• [What to produce]: Given these entries, repeat exactly the lines starting with the one that has "Miss having my wheels in the dirt!." and going on through the one that has "#fbf to my last", both included, but none of the pictures.

• [Recorded information]:
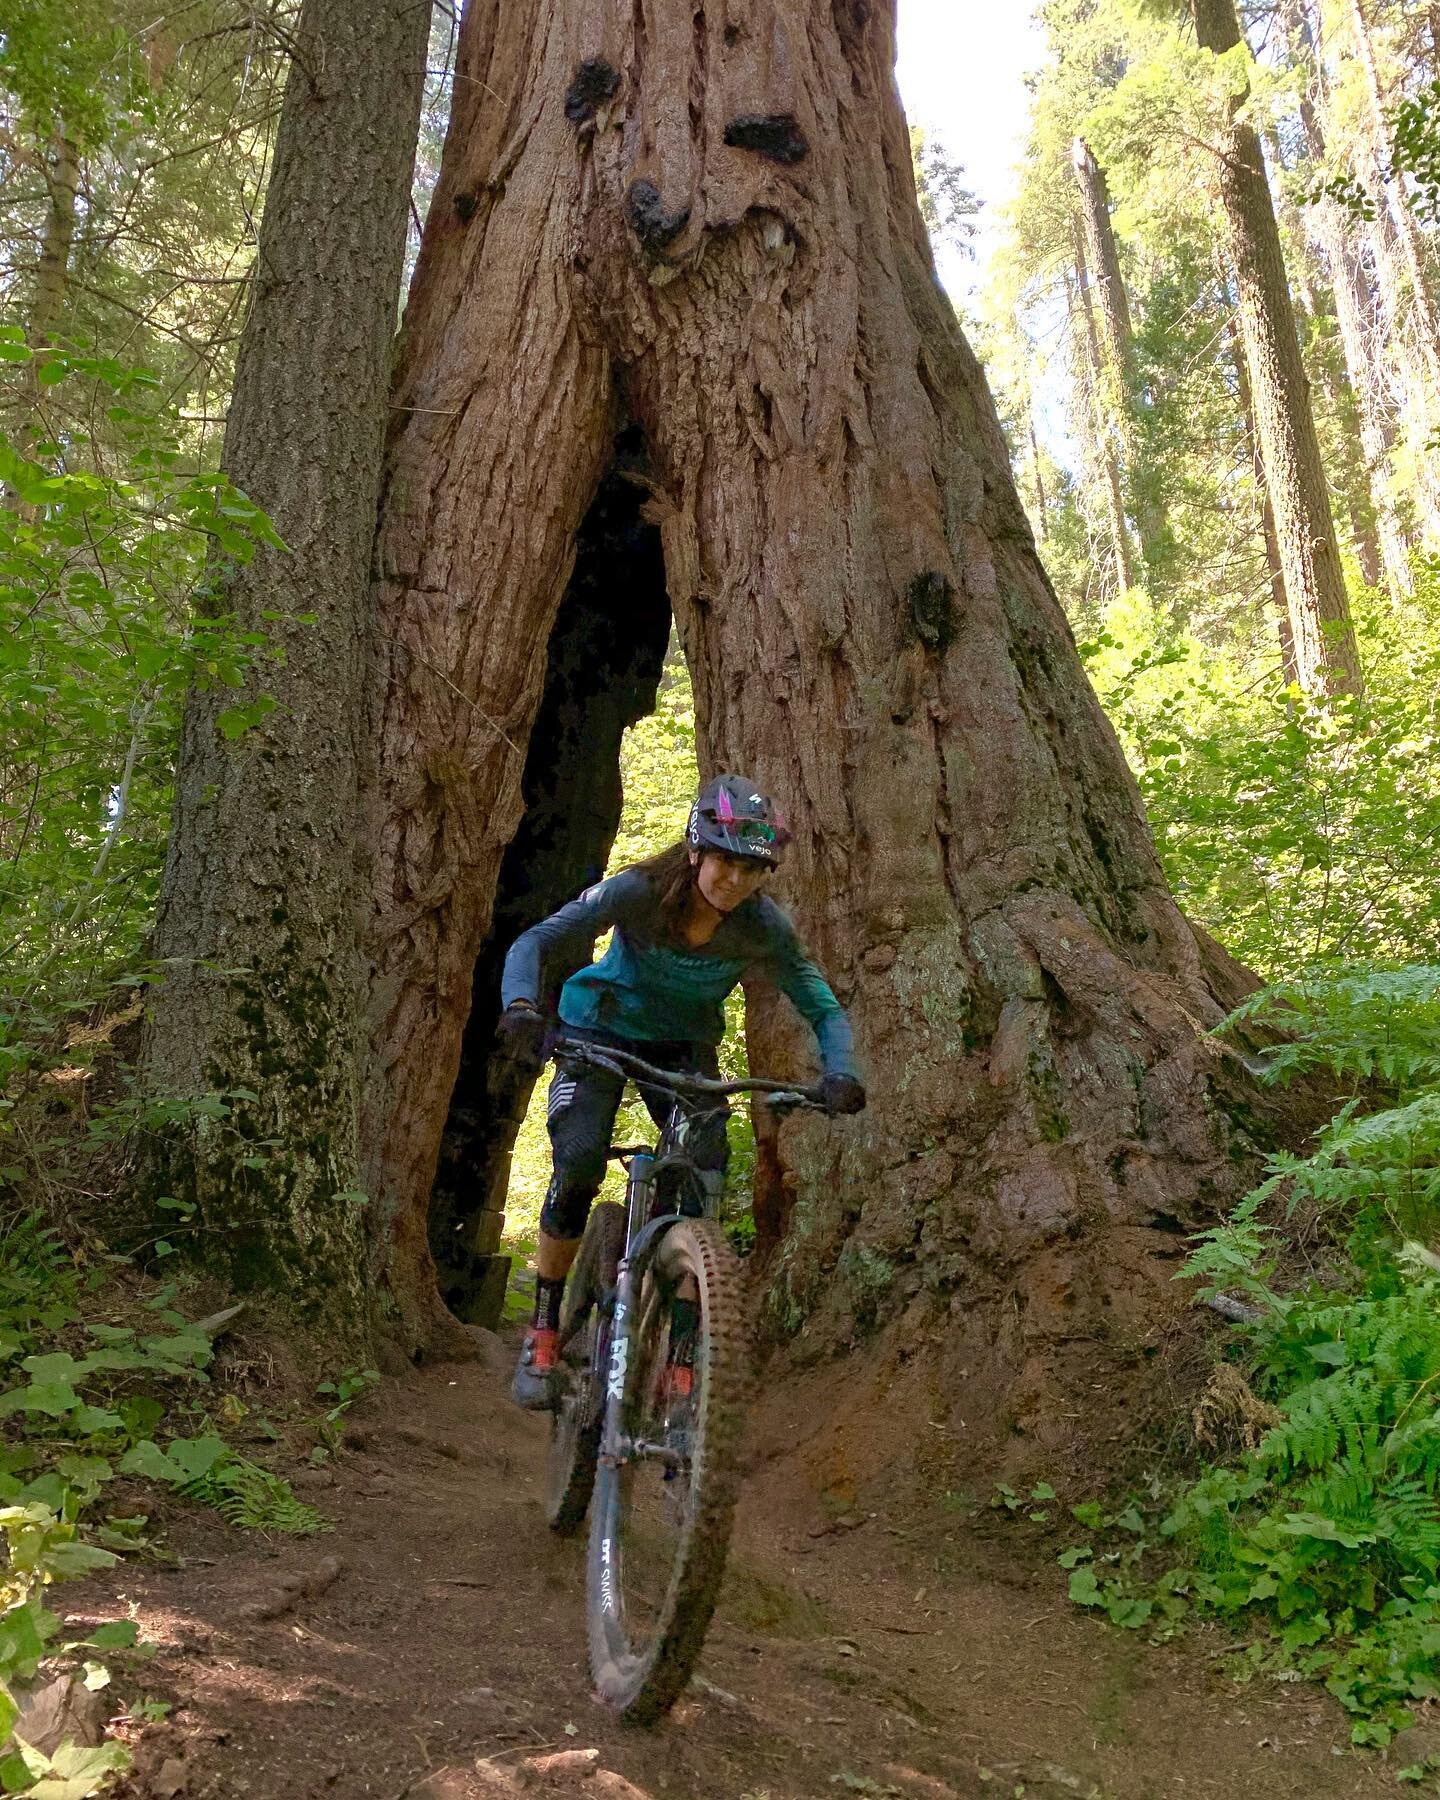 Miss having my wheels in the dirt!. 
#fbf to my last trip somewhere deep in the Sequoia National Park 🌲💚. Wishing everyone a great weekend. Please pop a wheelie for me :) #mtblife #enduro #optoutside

==

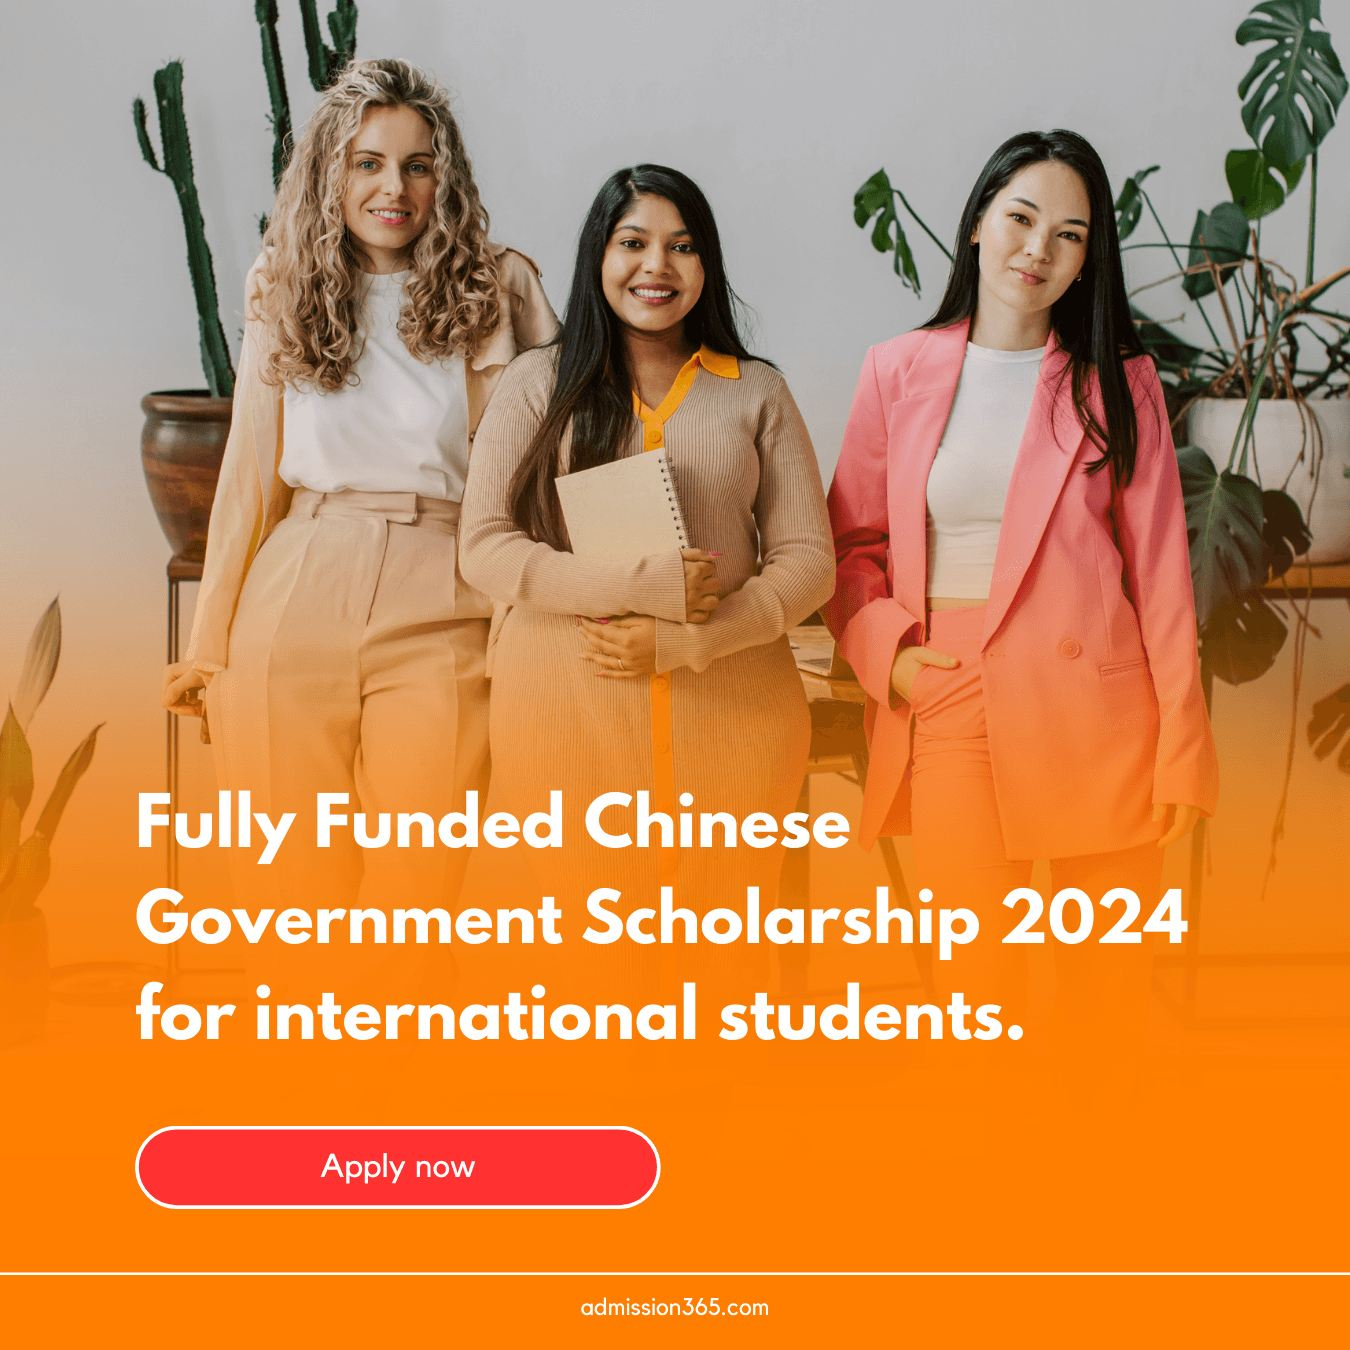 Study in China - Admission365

...

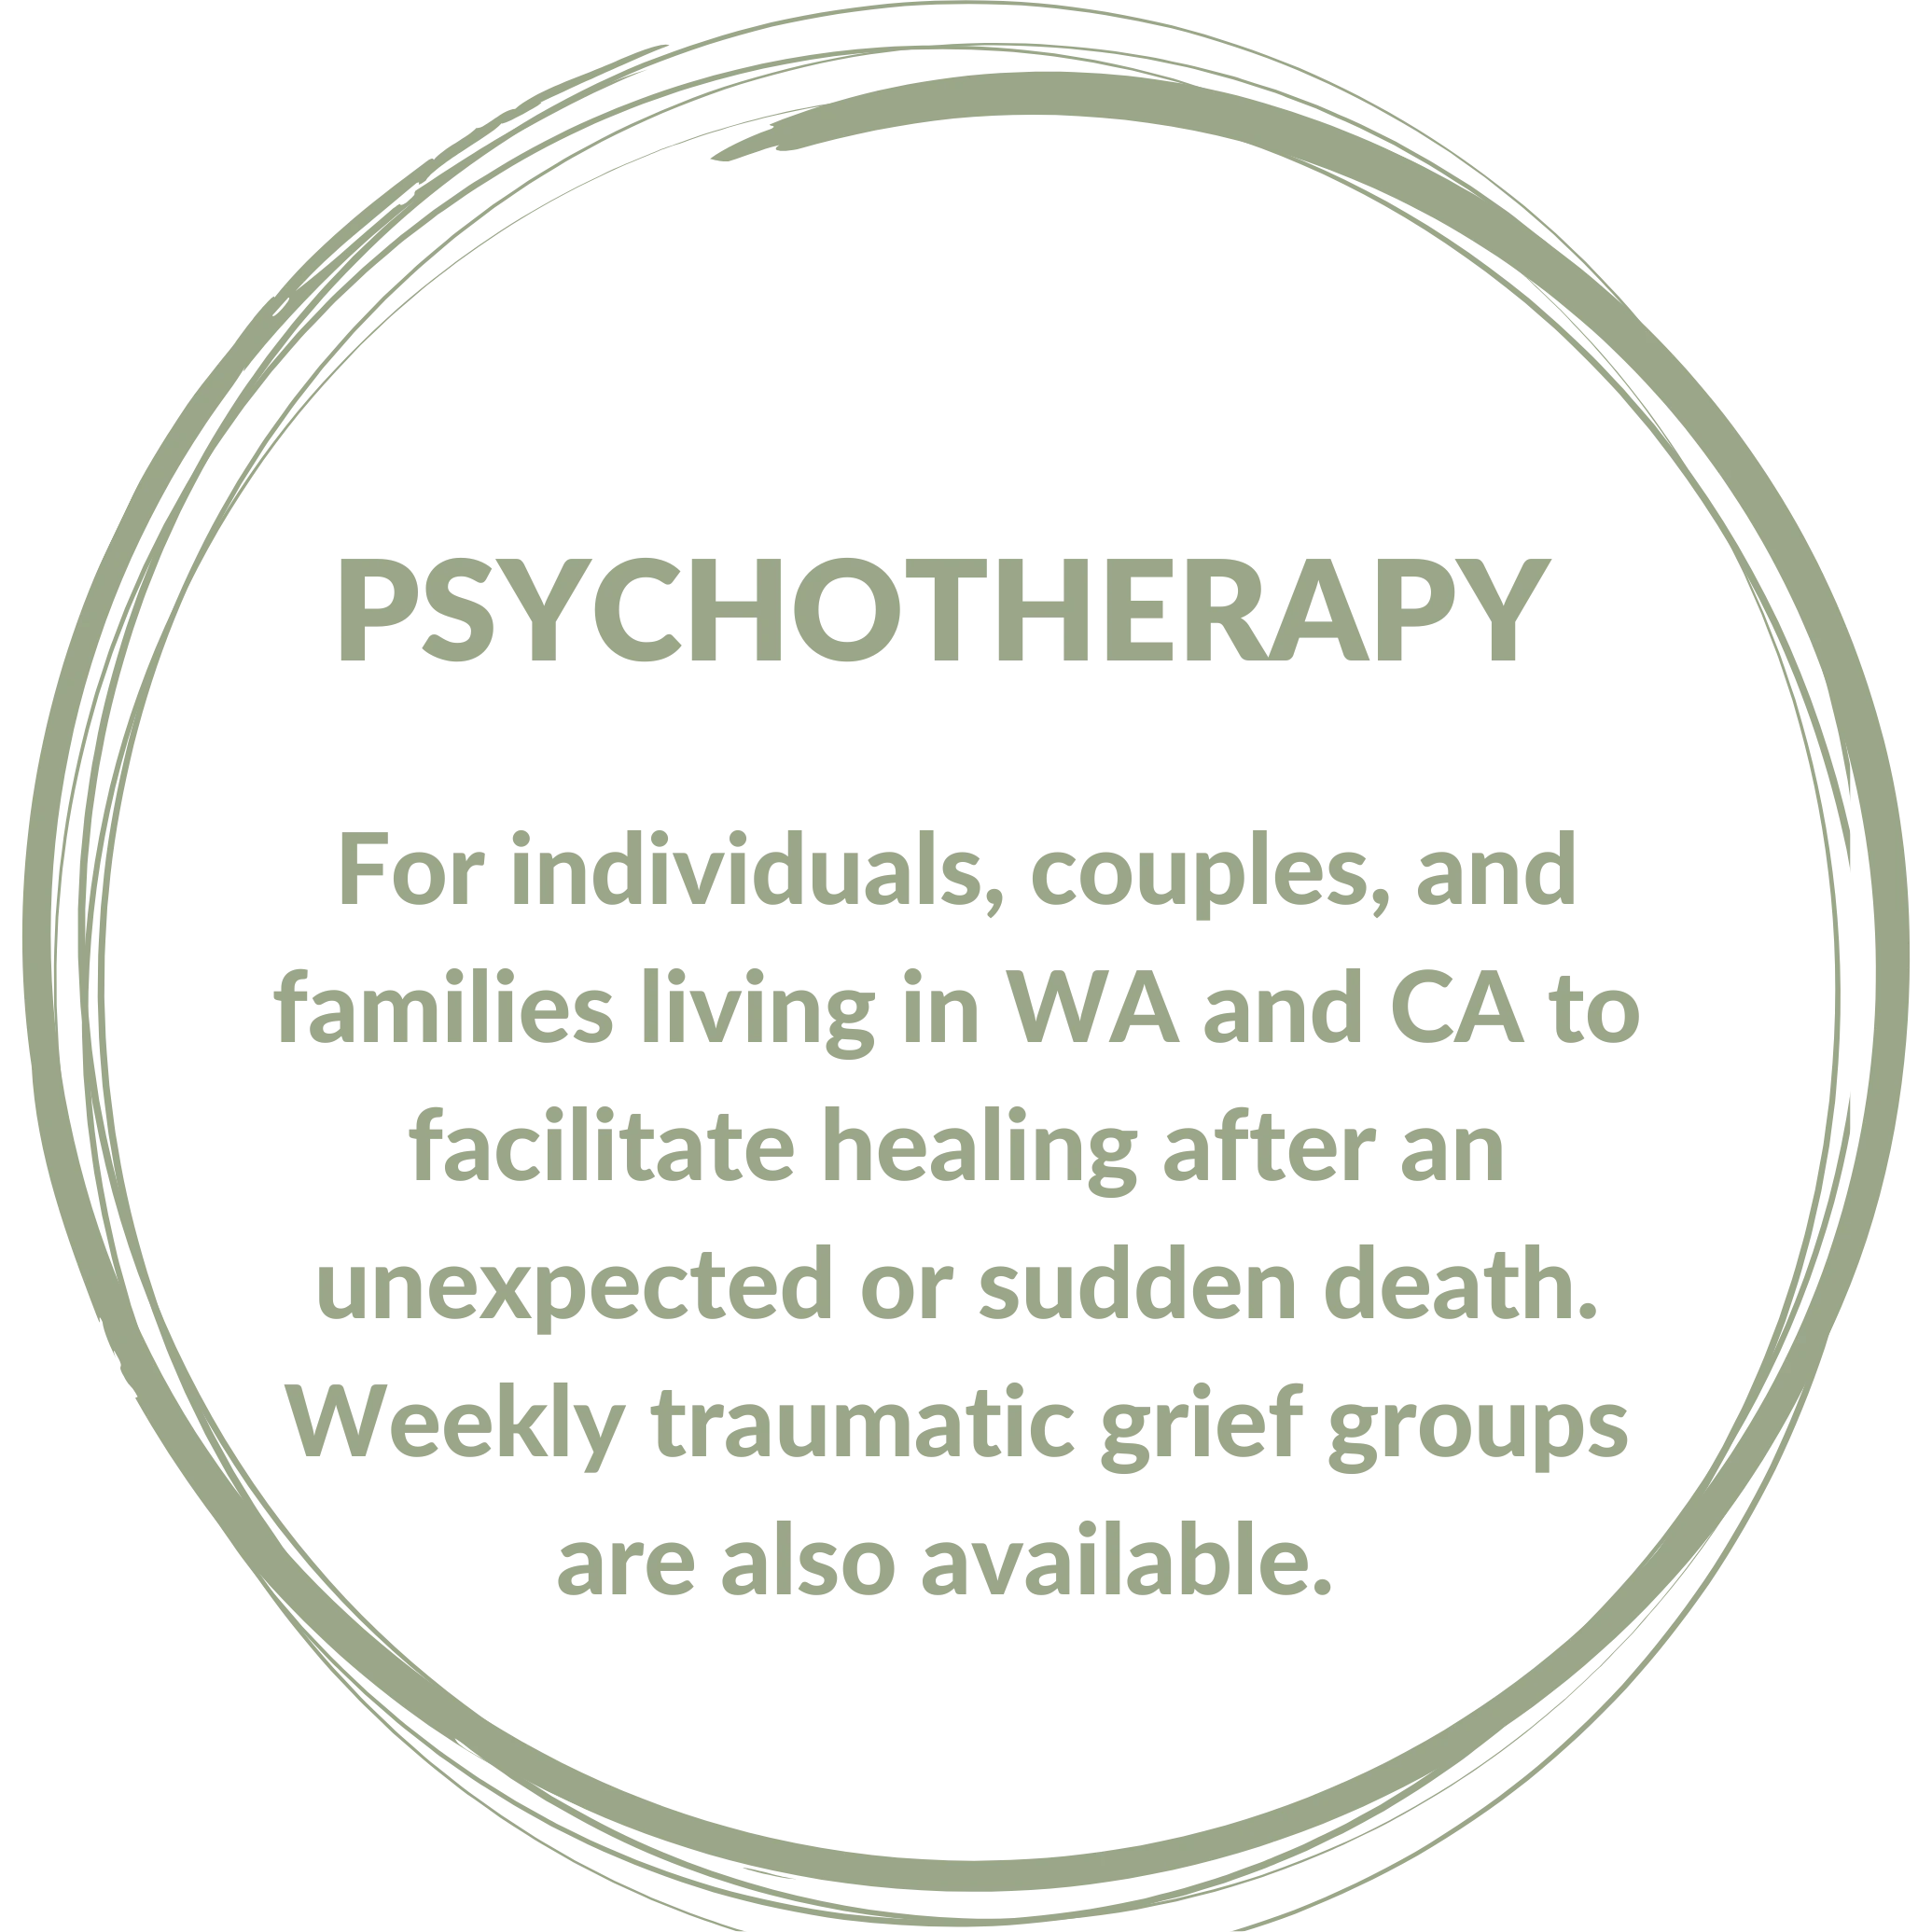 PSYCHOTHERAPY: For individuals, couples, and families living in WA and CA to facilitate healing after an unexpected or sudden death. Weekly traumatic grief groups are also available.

• [Task solution]:
 Miss having my wheels in the dirt!. 
#fbf to my last trip somewhere deep in the Sequoia National Park 🌲💚. Wishing everyone a great weekend. Please pop a wheelie for me :) #mtblife #enduro #optoutside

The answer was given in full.